Aside from the paper, we will also need to deal with two organizational issues, when to have our regular meeting for the rest of fall semester, and what topics we want to cover (at least decide upon the first topic to cover).  See the previous organizational post for details.

Paper Overview:

This paper presents a new variational algorithm for inference in discrete (binary & non-binary) MRF’s. Recall that the main difficulty in exact inference is in explicitly characterizing the marginal polytope and in exactly computing the conjugate dual. The main contribution of this paper is a new [tighter] outer-bound on the marginal polytope. For the conjugate dual, their algorithm utilizes existing approximations such as the log-determinant and tree-reweighted (TRW) approximations.

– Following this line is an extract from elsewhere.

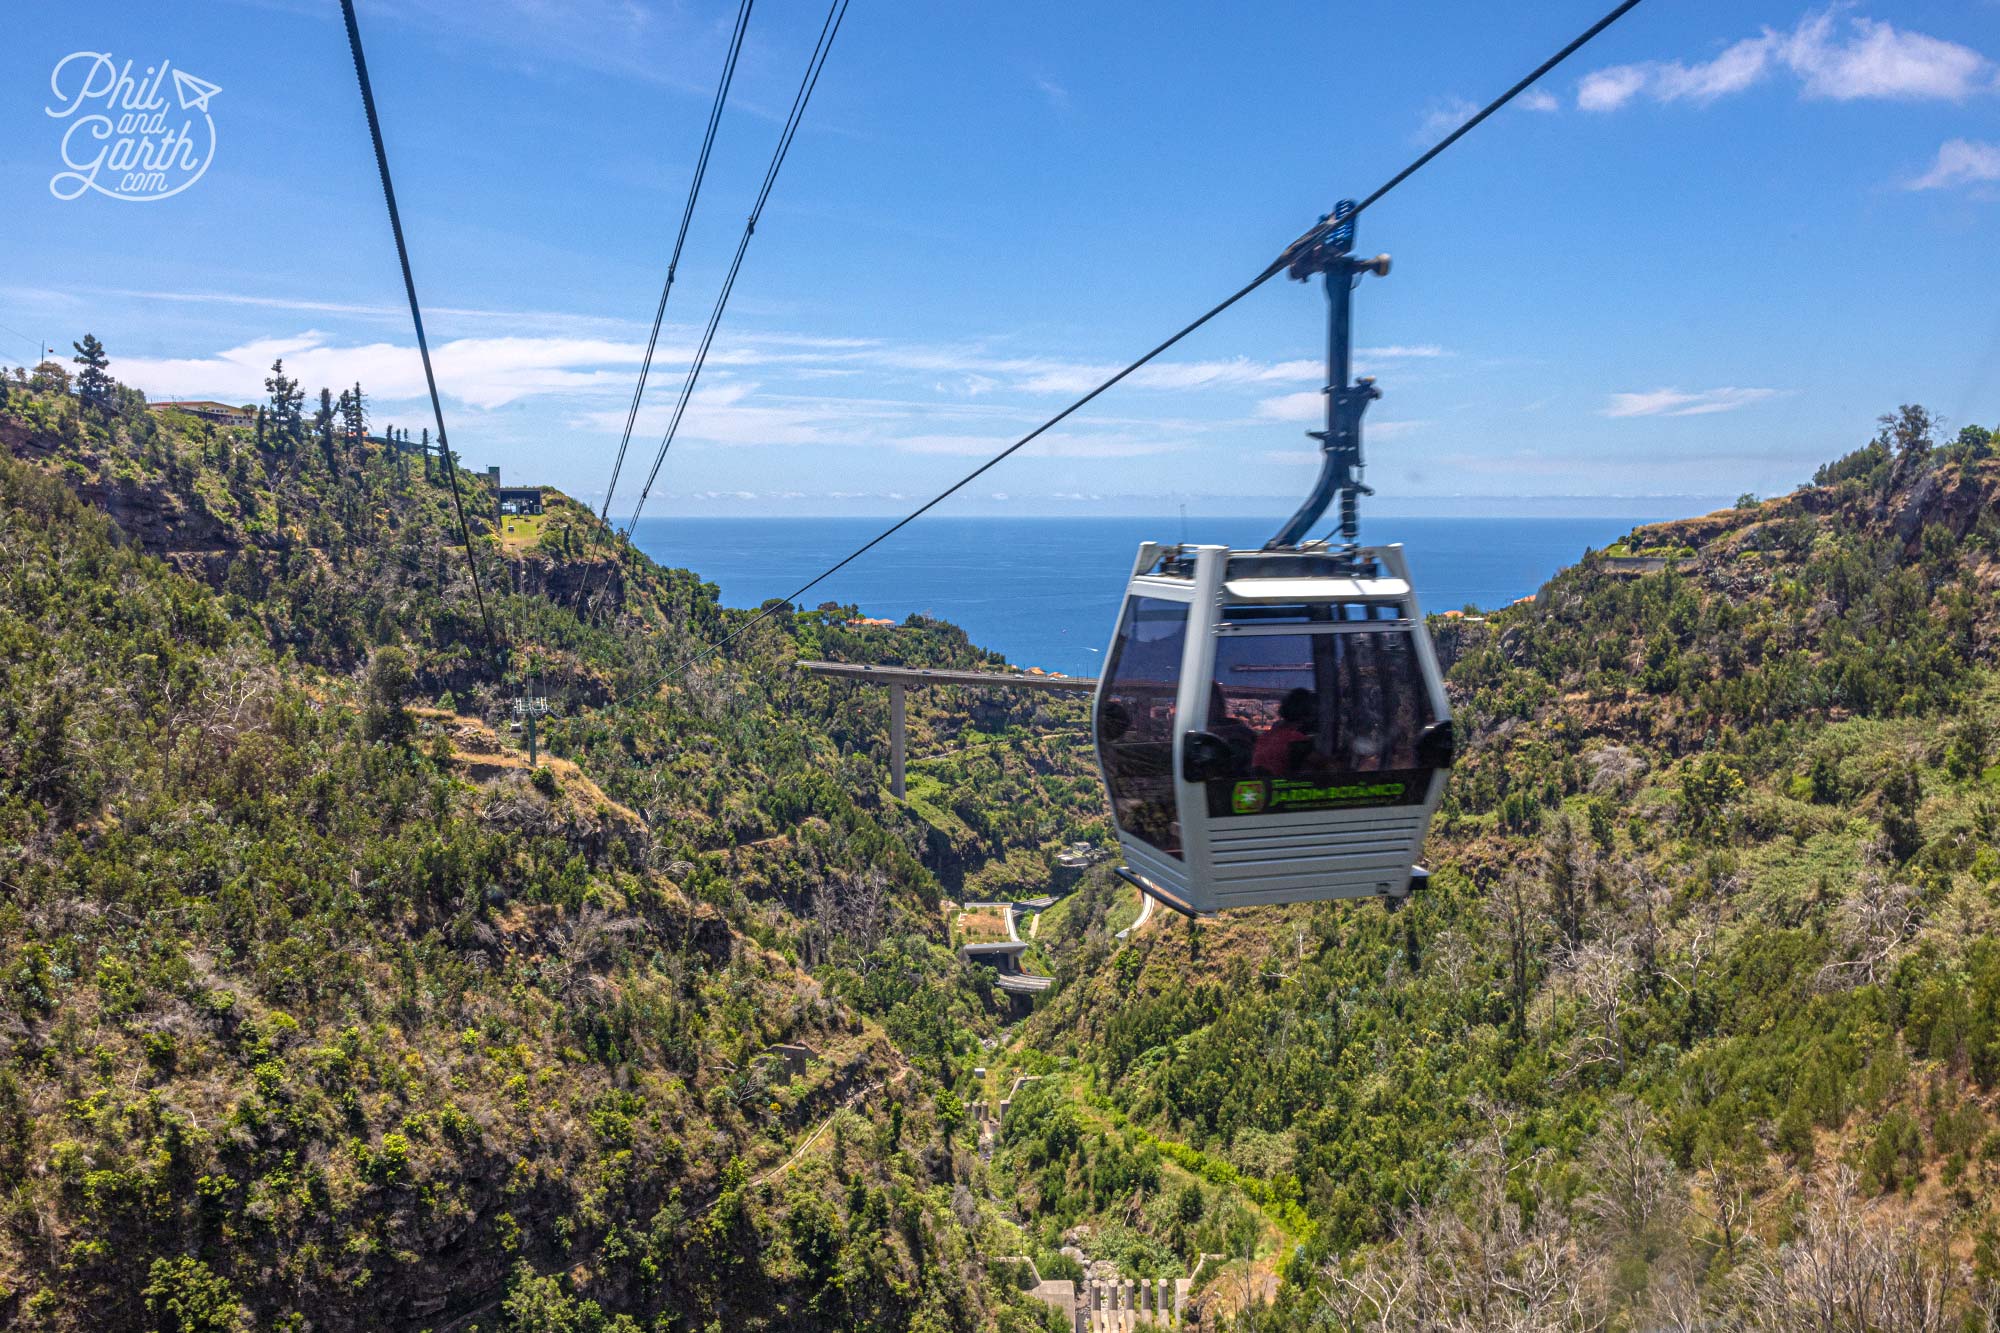 You need to take a second cable car from Monte to reach the Botanic Garden Maderia
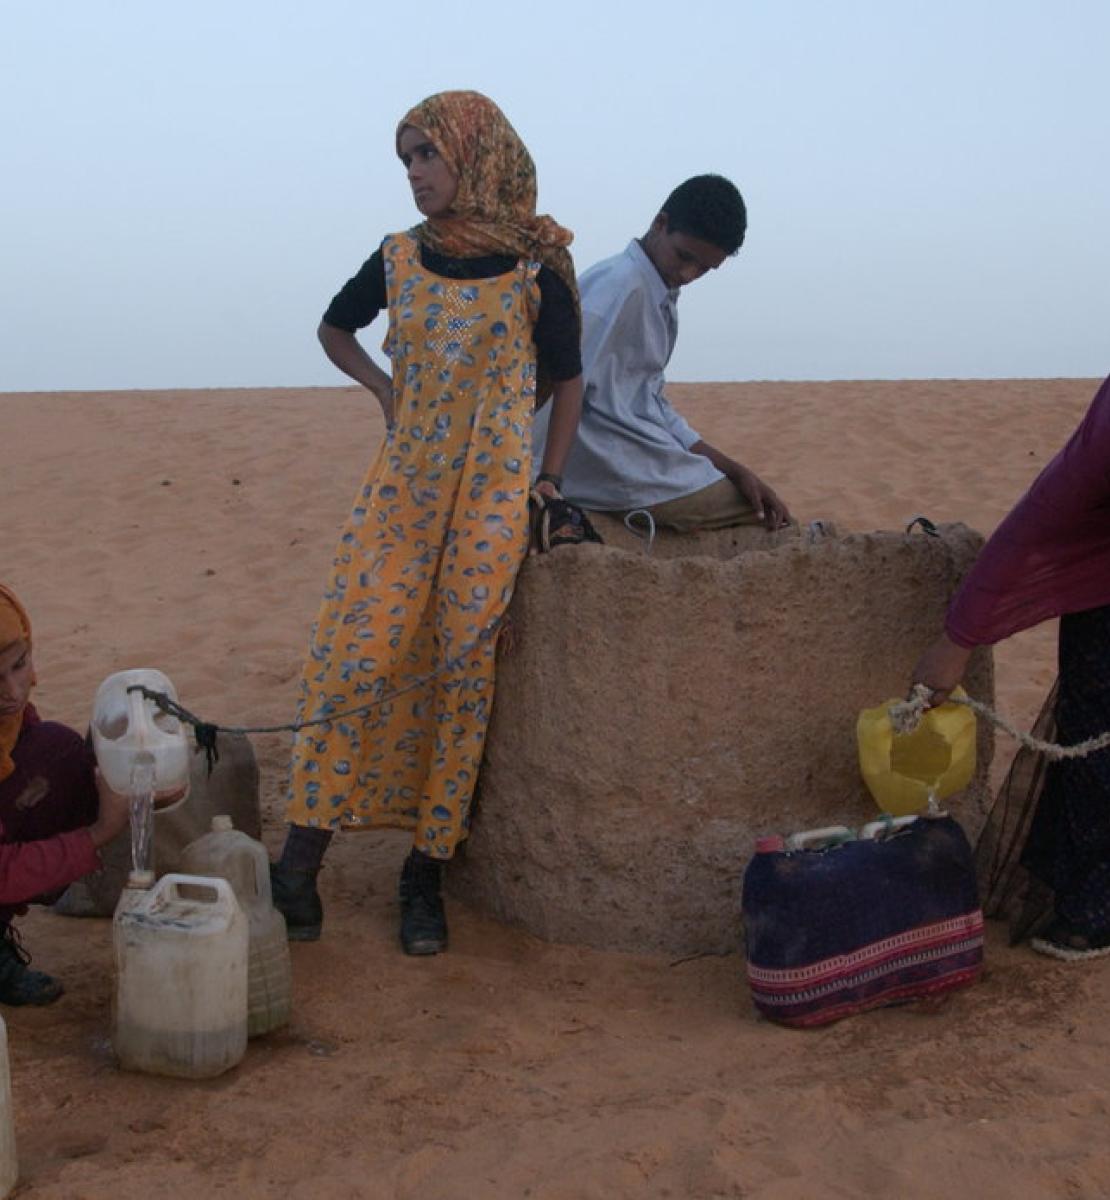 In a red-sanded desert, four young people try to fill up water jugs from a well.

A broader goal of this paper is in highlighting an emerging connection between polyhedral combinatorics and probabilistic inference. To this end, their outer-bound for the marginal polytope is based on a cutting-plane algorithm (Algorithm 1 on page 3). A key aspect cutting-plane algorithms is in having an efficient mechanism for detecting violated constraints (Step 5 of Algorithm 1). One contribution in this paper is in using the cycle inequalities for which efficient separation algorithms are known (Section 2, page 5). A second main contribution is extending these inequalities and the separation mechanism to non-binary MRF’s (Section 4). Notice that the extension to non-pairwise MRF’s is trivial since any non-pairwise MRF can be easily converted to a pairwise one by introducing auxiliary variables (as described in Appendix E.3 of Wainwright & Jordan). The first two pages of the paper provide a nice & succinct summary of most of the points we covered in Wainwright & Jordan.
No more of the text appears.